▸ Input:

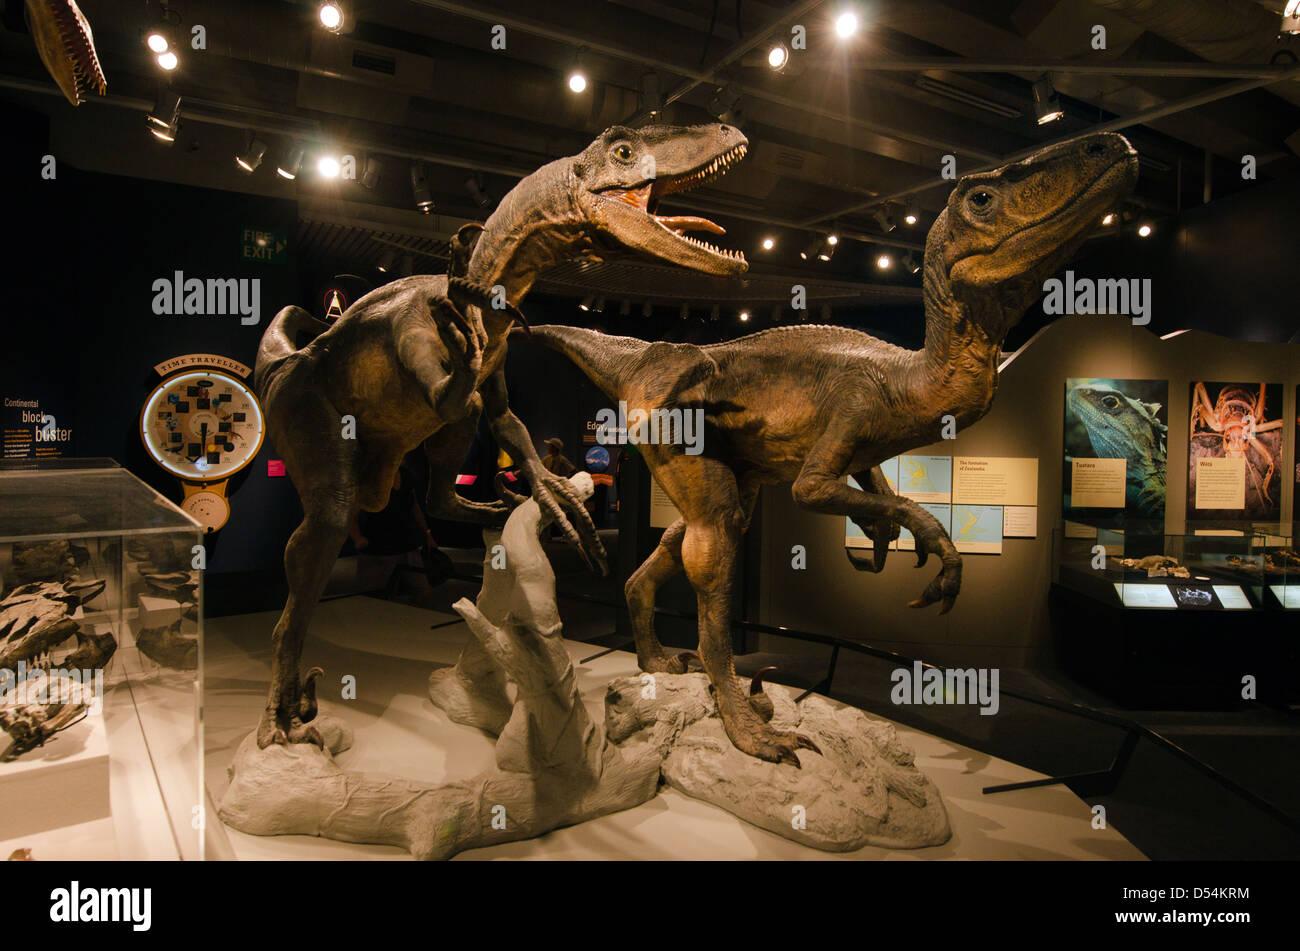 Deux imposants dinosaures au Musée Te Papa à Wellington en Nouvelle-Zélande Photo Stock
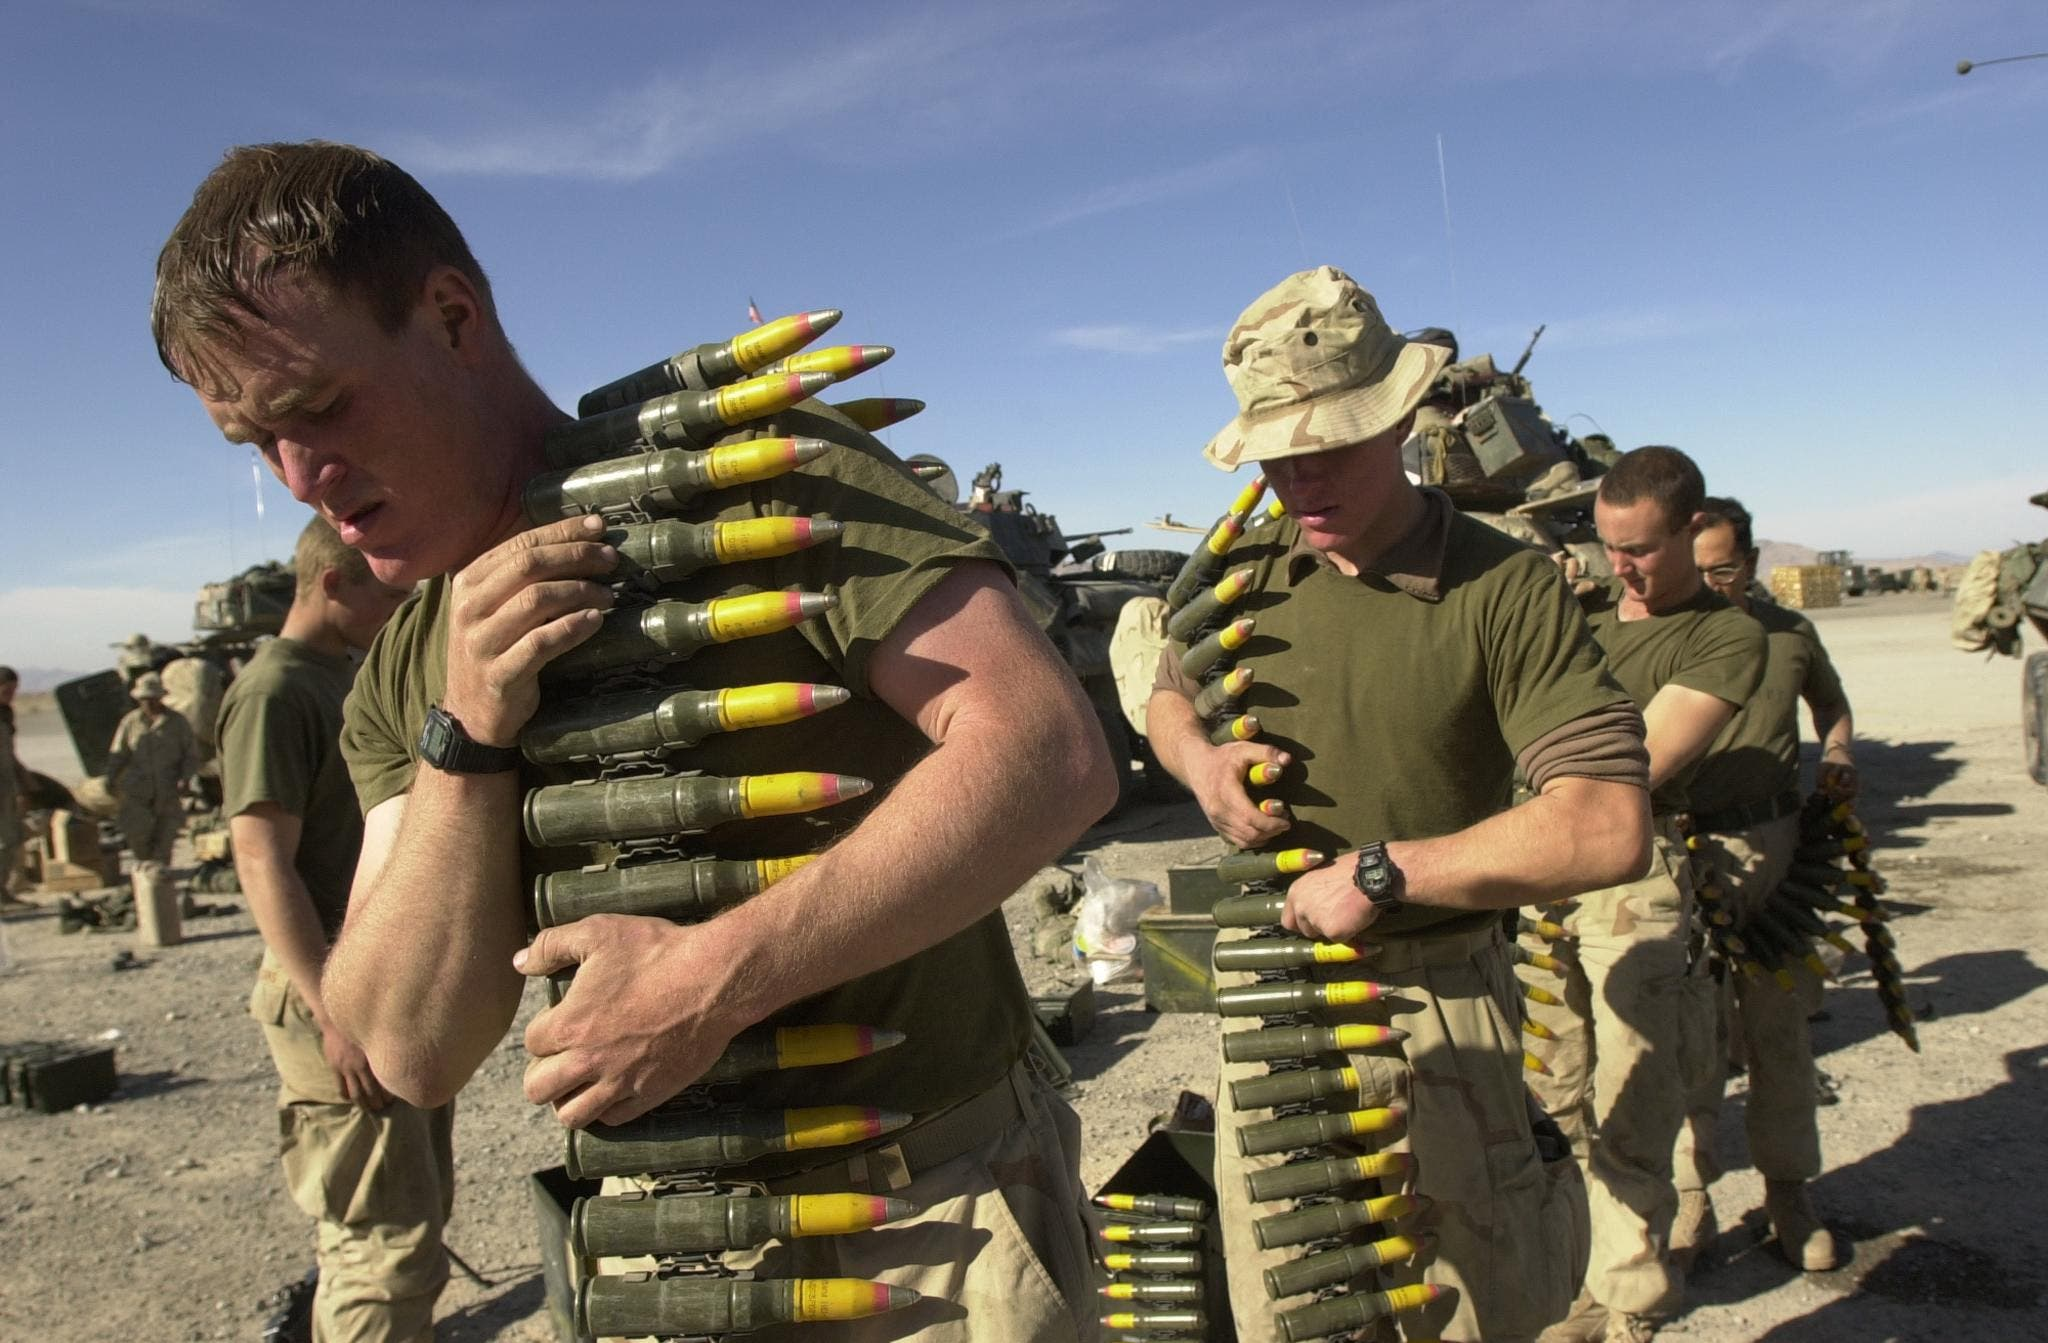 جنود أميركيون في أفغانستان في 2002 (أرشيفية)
...
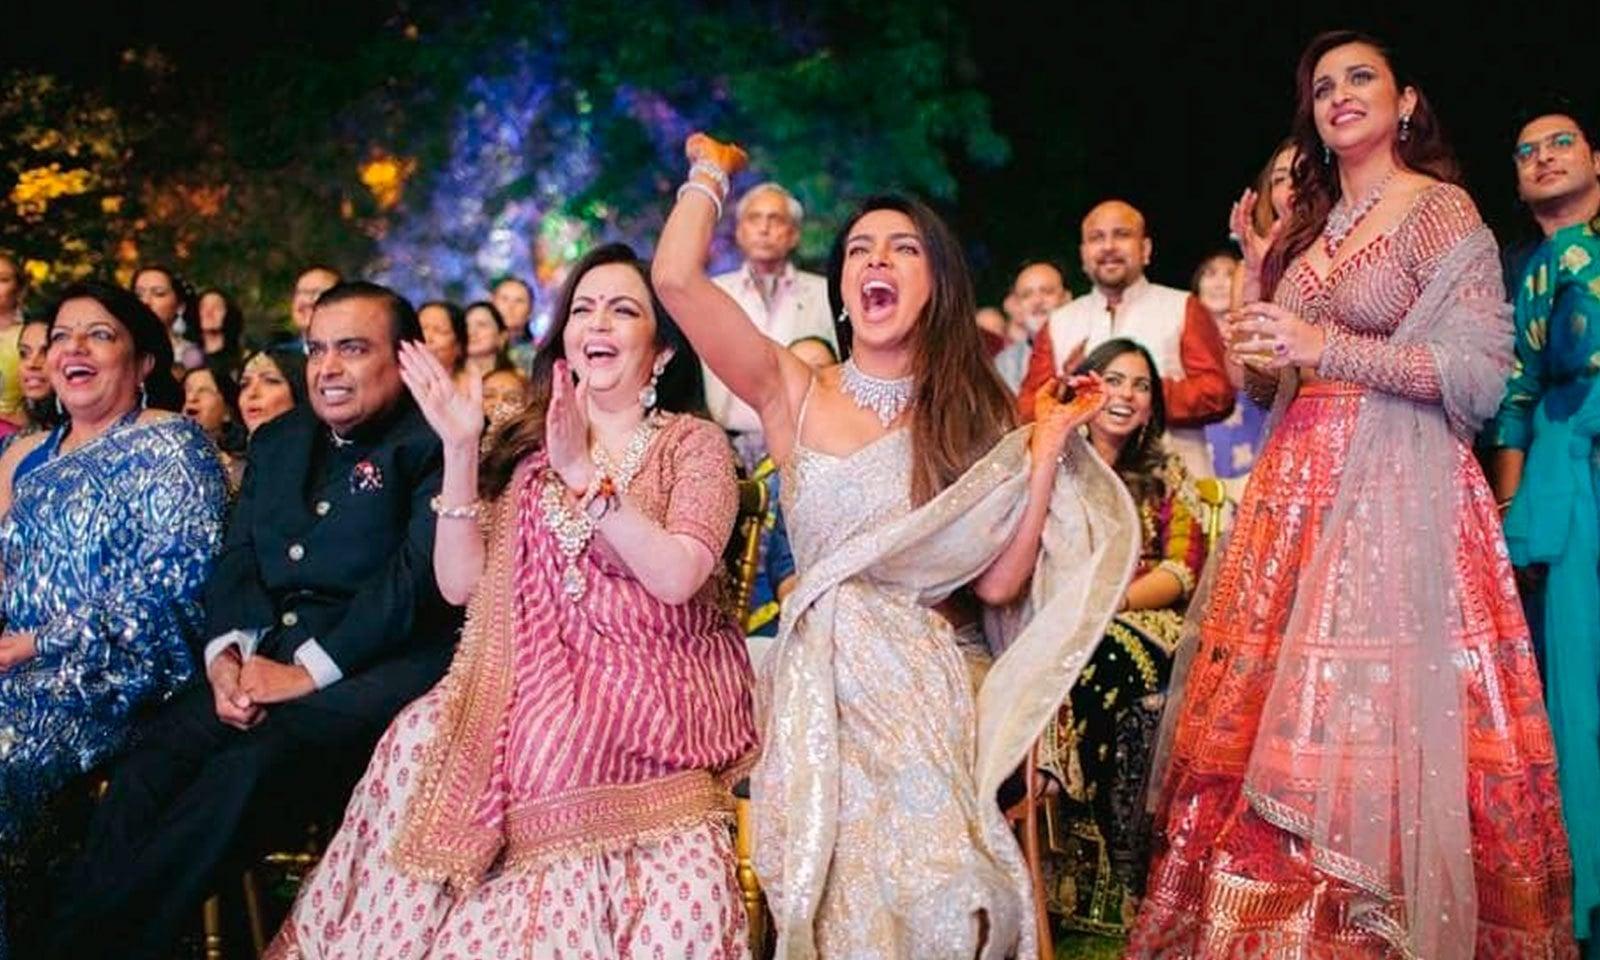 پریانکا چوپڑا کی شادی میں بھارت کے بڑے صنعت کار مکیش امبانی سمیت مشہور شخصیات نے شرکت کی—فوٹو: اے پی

▸ What this task involves:
Whatever pictures the records hold, omit them; give again exactly the lines from the one containing "Deux imposants dinosaures" through the one containing "جنود أميركيون في أفغانستان في 2002 (أرشيفية)".

▸ Expected output:
 Deux imposants dinosaures au Musée Te Papa à Wellington en Nouvelle-Zélande Photo Stock
 جنود أميركيون في أفغانستان في 2002 (أرشيفية)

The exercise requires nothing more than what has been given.